The training optional

HuggingFace Integration

Package: datamaestro.data.huggingface

For datasets from the HuggingFace Hub:

from datamaestro.data.huggingface import DatasetDict

return DatasetDict(
    dataset_id="squad",
    config=None,  # Optional config name
)

Creating Custom Data Types

Basic Custom Type

Create custom data types by inheriting from Base.
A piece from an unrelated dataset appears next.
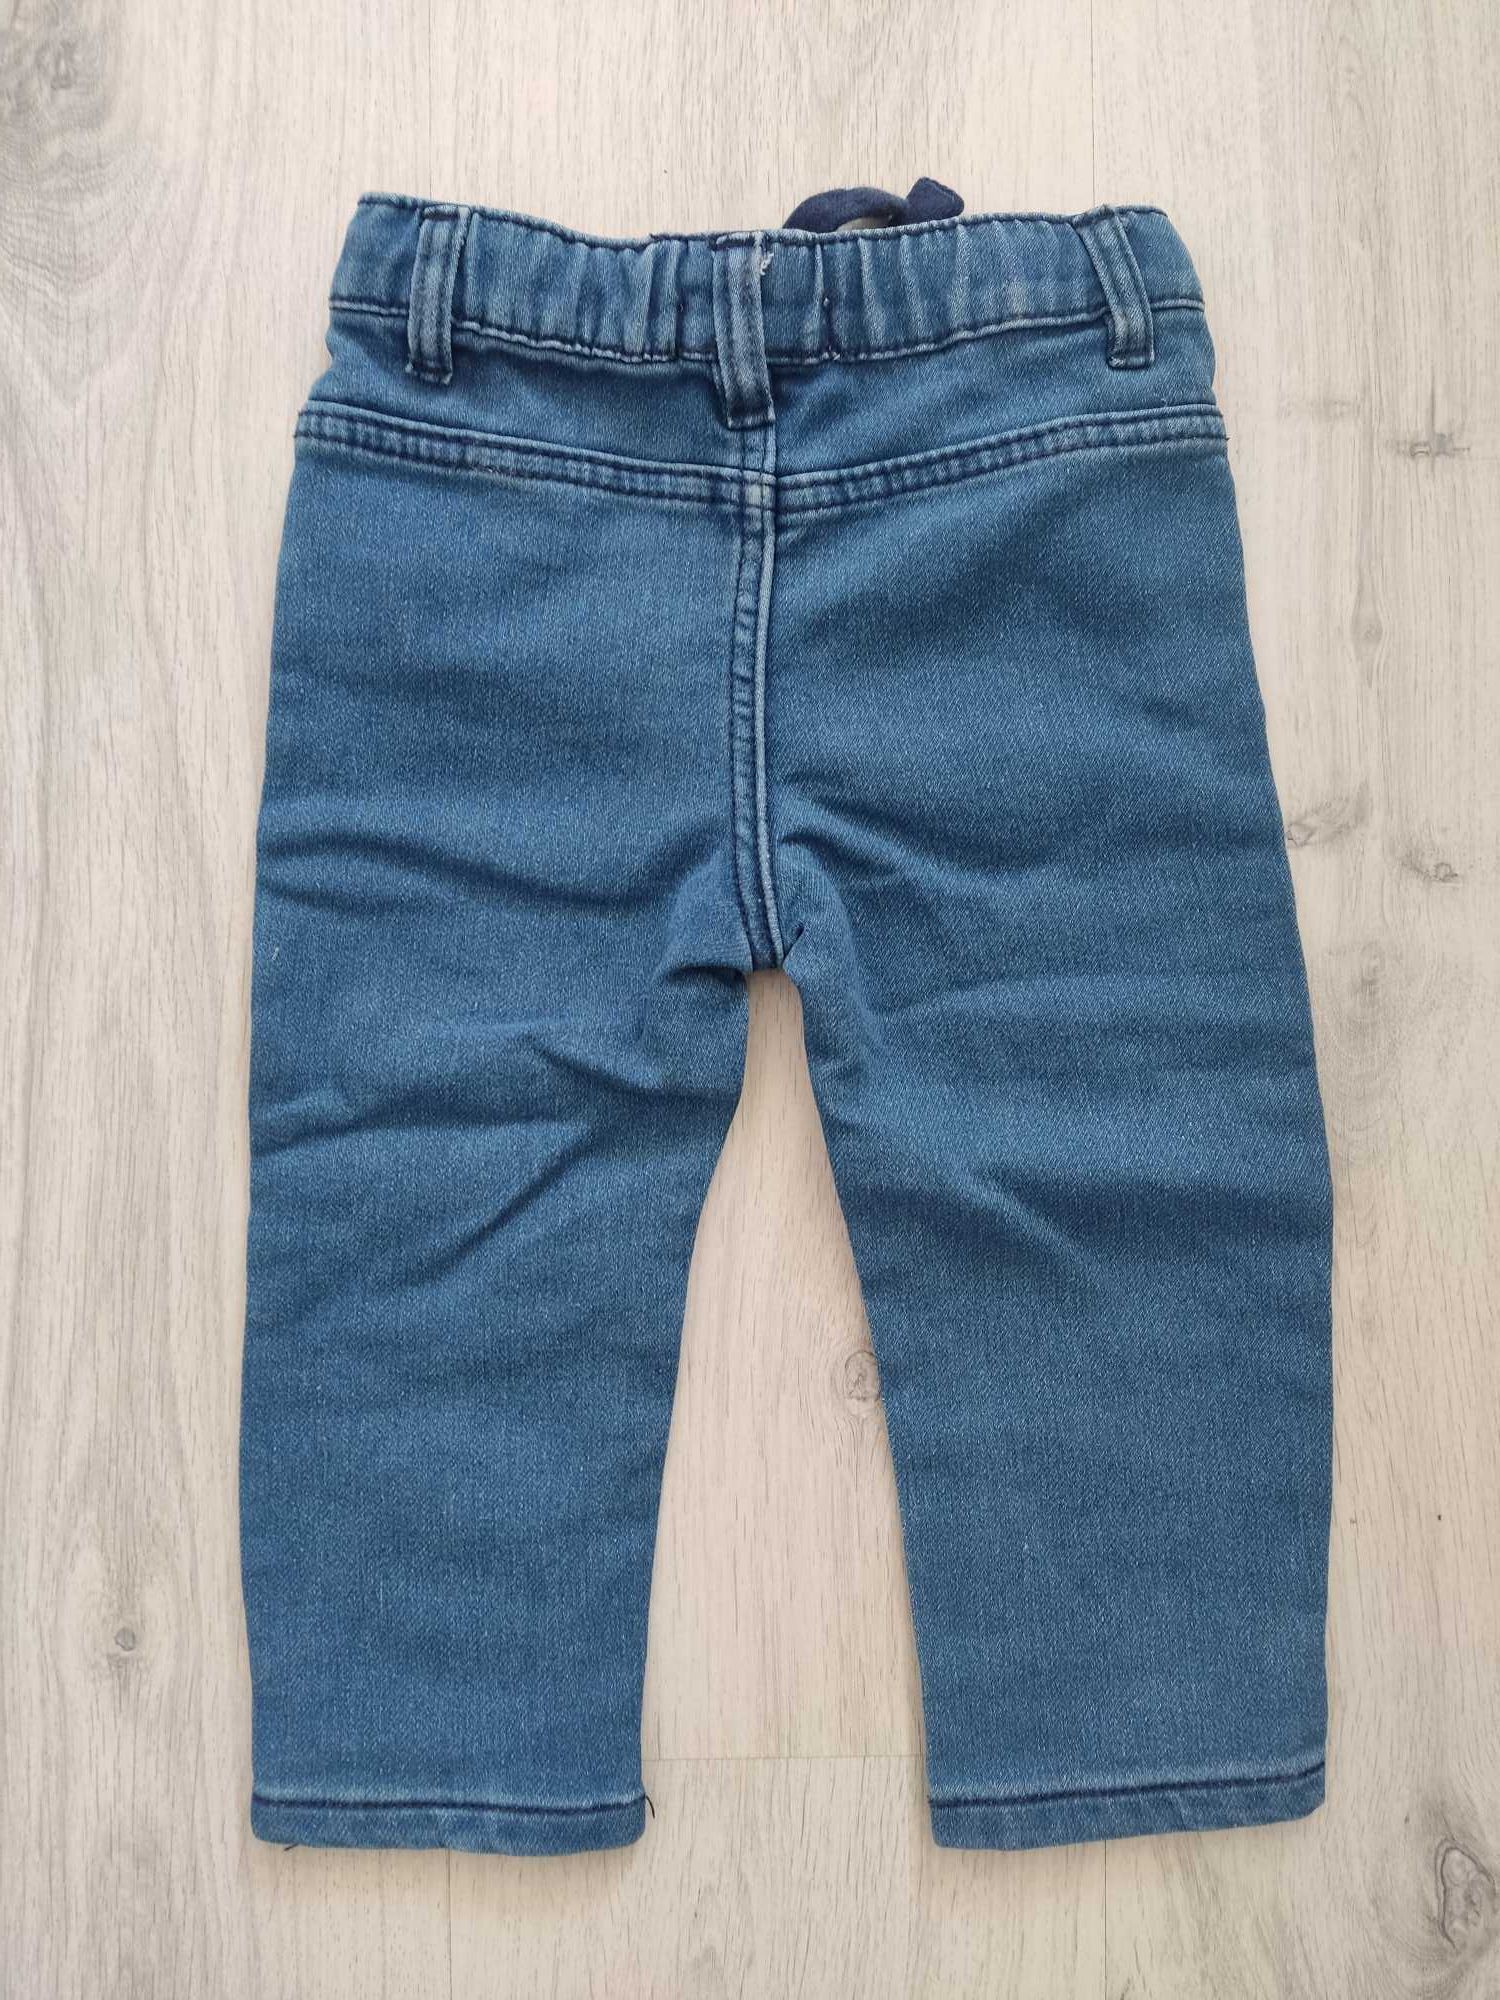 Spodnie jeansowe, Sinsay, r.86.

Use Param from experimaestro to define typed parameters:

from pathlib import Path
from experimaestro import Param
from datamaestro.data import Base

class TextCorpus(Base):
    """A text corpus with documents"""

    path: Param[Path]
    """Path to the corpus directory"""

    encoding: Param[str] = "utf-8"
    """Text encoding"""

    def documents(self):
        """Iterate over documents"""
        for file in self.path.glob("*.txt"):
            yield file.read_text(encoding=self.encoding)

    def __len__(self):
        return len(list(self.path.glob("*.txt")))

Nested Data Types

from experimaestro import Param
from datamaestro.data import Base

class LabelledData(Base):
    """Data with labels"""

    data: Param[Base]
    """The actual data"""

    labels: Param[Base]
    """The labels"""

class ImageClassification(Base):
    """Image classification dataset"""

    train: Param[LabelledData]
    """Training split"""

    test: Param[LabelledData]
    """Test split"""

    num_classes: Param[int]
    """Number of classes"""

With Data Loading Methods

from pathlib import Path
from experimaestro import Param
from datamaestro.data import Base

class JSONLData(Base):
    """JSON Lines format data"""

    path: Param[Path]

    def __iter__(self):
        """Iterate over records"""
        import json
        with open(self.path) as f:
            for line in f:
                yield json.loads(line)

    def to_pandas(self):
        """Load as pandas DataFrame"""
        import pandas as pd
        return pd.read_json(self.path, lines=True)

    def to_list(self):
        """Load all records into a list"""
        return list(self)

Inheriting from Existing Types

from datamaestro.data.csv import Matrix

class ClassificationMatrix(Matrix):
    """CSV matrix for classification tasks"""

    num_classes: Param[int]
    """Number of target classes"""

    class_names: Param[list] = None
    """Optional class names"""

    def get_class_name(self, index: int) -> str:
        if self.class_names:
            return self.class_names[index]
        return str(index)

Type Annotations with Experimaestro

Data types use experimaestro’s annotation system (Param, Option, Meta):

from experimaestro import Param, Option, Meta
from datamaestro.data import Base

class MyData(Base):
    # Required parameter
    path: Param[Path]

    # Optional parameter with default
    encoding: Param[str] = "utf-8"

    # Option (not serialized, for runtime configuration)
    cache_size: Option[int] = 1000

    # Metadata (not part of configuration identity)
    description: Meta[str] = ""

See the experimaestro documentation for more details on the configuration system.